Racing: Fota Island to end Moscow Flyer's reign
Wednesday 15 March 2006
If actions really do speak louder than words, then this afternoon Moscow Flyer will join Badsworth Boy as a three-time winner of the Queen Mother Champion Chase. For the talk emanating yesterday from some of those closely associated with the horse who, until quite recently, has been the best steeplechaser in Ireland, was not so much fighting as all-out nuclear Armageddon.
"I thought he was a certainty last year and I think he's a certainty again," said the great gelding's rider, Barry Geraghty. "And there's no Azertyuiop, no Well Chief this time. If he's even a stone off what he was last year he can beat this lot. He's only got to be a bit better than he's been this season to beat our best on the ratings, Central House.
"I think Kauto Star is well over-rated; that wasn't a great Tingle Creek he won. I don't think he's that good. And maybe the ground is going against Fota Island, who was my dark horse."

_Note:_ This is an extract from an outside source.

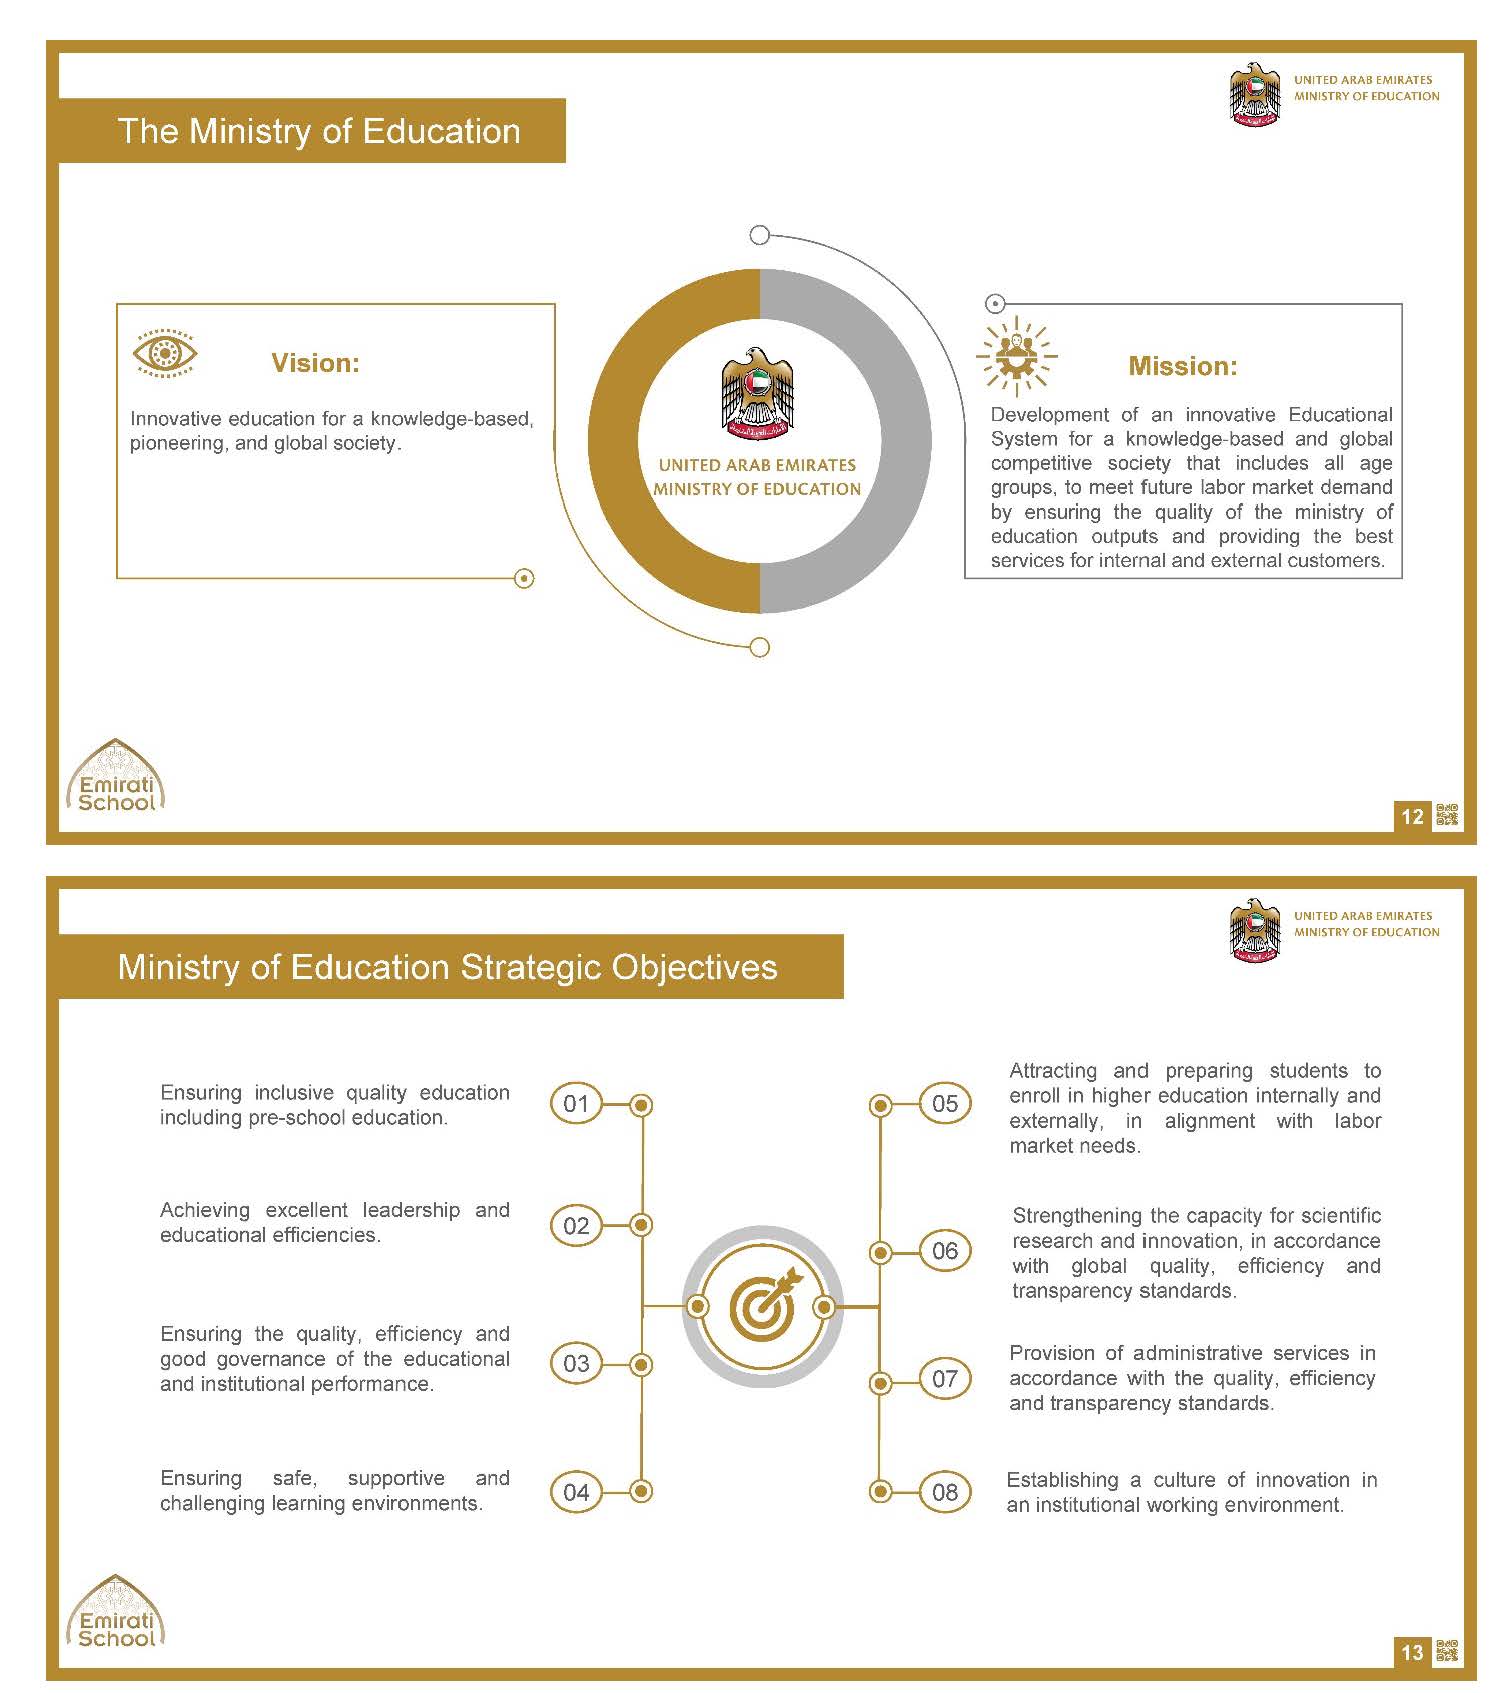 Higher Education in United Arab Emirates

Geraghty's bias may be understandable. He has ridden the wonderful Jessica Harrington-trained 12-year-old in all bar six of his 43 races and to 25 of his 26 wins. But again, he is probably the man most able to judge the wellbeing of the equine athlete beneath him, and he is one of the sharpest analytical brains in the weighing room.
The last time he rode the Flyer in anger was late last December, when he plodded in fourth in the race won in such dramatic fashion by Hi Cloy, the one where the hapless Roger Loughran threw victory away on Central House by celebrating early. Harrington's horses were in miserable form then but though the inmates of her Co Kildare yard are now in rude health, Moscow Flyer famously appeared not to sparkle in a recent schooling gallop at Leopardstown.
Though a little more measured in her assessment of the situation, Harrington still keeps the faith. "I've got to," said the mistress of Commonstown. "He looks well, and is well. There's nothing physically wrong with him. In fact, he's had a better preparation for this year's race than last year's, when he was nursing a bruised foot. There is the possibility that he's nursing old age now. But maybe in hindsight that spin at Leopardstown wasn't as bad as we thought, he's just getting a bit cute about just galloping.
"He's been very well at home since and I tell you, as soon as he arrived in the yard here at Cheltenham, he grew two inches. We have to be positive, and still have hope. But until he gets out there on the track, we just don't know."
There is the strong possibility that, win or lose, today may be the last time Moscow Flyer, winner to date of £1.1m for owner Brian Kearney, is seen in public. "Whatever happens," added Harrington, "The thing is that he comes back safe." Amen to that.
Age alone need not preclude Moscow Flyer from retaining the two-mile crown, for Skymas was 12 when he won for the second time in 1977, nor should it, at the other end of the scale, rule out six-year-old Kauto Star, though none of his tender years have struck since Inkslinger in 1973.
At home, Paul Nicholls compares Kauto Star with his victor of two years ago, Azertyuiop, and he is the bright young thing of the division - but may be more the finished article with another year on his back and any value has long since gone.
Pace will be guaranteed, with Central House and the headstrong, slightly mad French mare Kario De Sormain (she wears earplugs and a bonnet) up front. Today will be Central House's second go at the race; he came in sixth last year after being readily outpaced at the business end, but is undoubtedly a stronger, better horse this time round.
The same can be said of Fota Island. JP McManus's 10-year-old marched smartly up the handicap last season with victories at this meeting and Aintree. He split High Cloy and Central House at Leopardstown before winning readily at Fairyhouse in January and, for a year, the canny Mouse Morris - who rode Skymas - has targeted him at today. He is still on the upgrade, goes on the track and the rain has stopped in time.
The heart says Moscow Flyer, the head says Fota Island (3.15). The horse named after a Cork golf course can come up to scratch.